Summary. The paper claims that ungated attention is restricted to intrinsically flat statistical manifolds due to its affine structure, while multiplicative gating enables non-flat geometries including positive curvature unattainable in the ungated case. This is shown by modeling attention outputs as mean parameters of Gaussian distributions and analyzing the induced Fisher-Rao geometry, establishing a geometric expressivity gap. Empirically, gated models exhibit higher representation curvature, improved performance on nonlinear decision boundary tasks, no consistent advantage on linear ones, and a depth amplification effect where curvature accumulates under composition.

Significance. If the geometric distinction and its link to task performance hold, the work offers a principled explanation for the benefits of gating in attention layers, connecting affine vs. multiplicative operations to manifold curvature and expressivity. This could inform architecture choices in large models and highlight depth-dependent effects. The empirical correlations provide supporting evidence, though the proxy role of the chosen statistical geometry for actual neural expressivity remains a key point of validation.

major comments (2)
  1. [Abstract and §3] The central modeling decision to represent attention outputs as mean parameters of fixed-covariance Gaussians and to interpret the induced Fisher-Rao geometry as capturing task-relevant expressivity (abstract and §3) requires stronger justification. The ambient Fisher-Rao metric on this family is Euclidean, so any claimed curvature arises only from the nonlinear embedding; it is unclear why this auxiliary construction, rather than the operator's action on the original feature space or optimization dynamics, governs approximation power or decision-boundary nonlinearity.
  2. [Empirical evaluation section] The empirical claims that gated models exhibit higher curvature and improved performance specifically on nonlinear tasks (and no advantage on linear ones) rest on correlations without sufficient controls to rule out confounding effects of gating (e.g., altered gradient flow or capacity unrelated to curvature). The depth amplification result similarly needs explicit ablation to confirm accumulation is geometric rather than architectural.
minor comments (2)
  1. [§2] Notation for the attention operator and the gating function should be introduced with explicit equations early in the theoretical section to avoid ambiguity when transitioning between affine and multiplicative cases.
  2. [Figures in empirical section] Figure captions for curvature visualizations should include the exact task, model depth, and metric computation details to allow direct reproduction.
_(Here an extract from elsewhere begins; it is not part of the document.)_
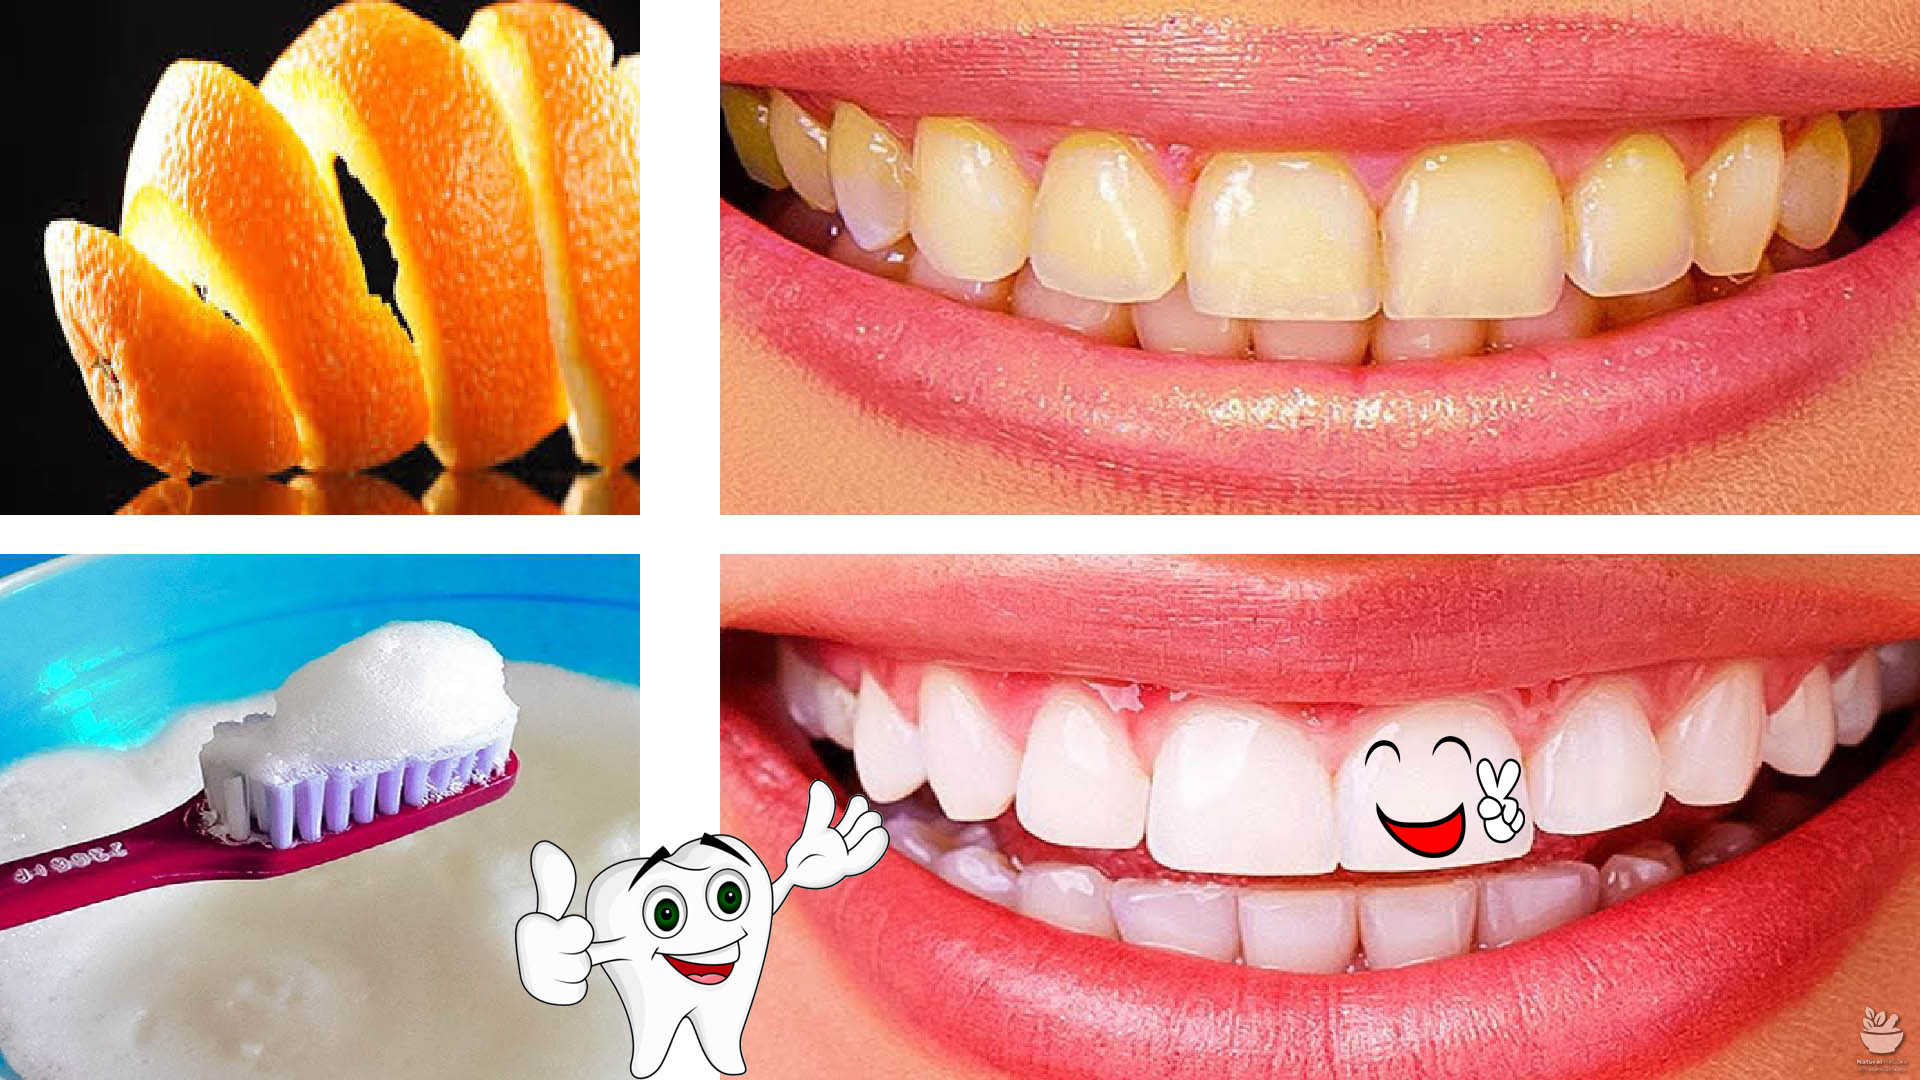 لصفوف اللولى.. تبييض الأسنان بسرعة في البيت بطرق طبيعية وفعالة من اول استخدام

Simulated Author's Rebuttal

2 responses · 0 unresolved

We thank the referee for the constructive and detailed comments. We address each major comment point by point below, providing our response and indicating the revisions we will make to strengthen the manuscript.

read point-by-point responses
  1. Referee: [Abstract and §3] The central modeling decision to represent attention outputs as mean parameters of fixed-covariance Gaussians and to interpret the induced Fisher-Rao geometry as capturing task-relevant expressivity (abstract and §3) requires stronger justification. The ambient Fisher-Rao metric on this family is Euclidean, so any claimed curvature arises only from the nonlinear embedding; it is unclear why this auxiliary construction, rather than the operator's action on the original feature space or optimization dynamics, governs approximation power or decision-boundary nonlinearity.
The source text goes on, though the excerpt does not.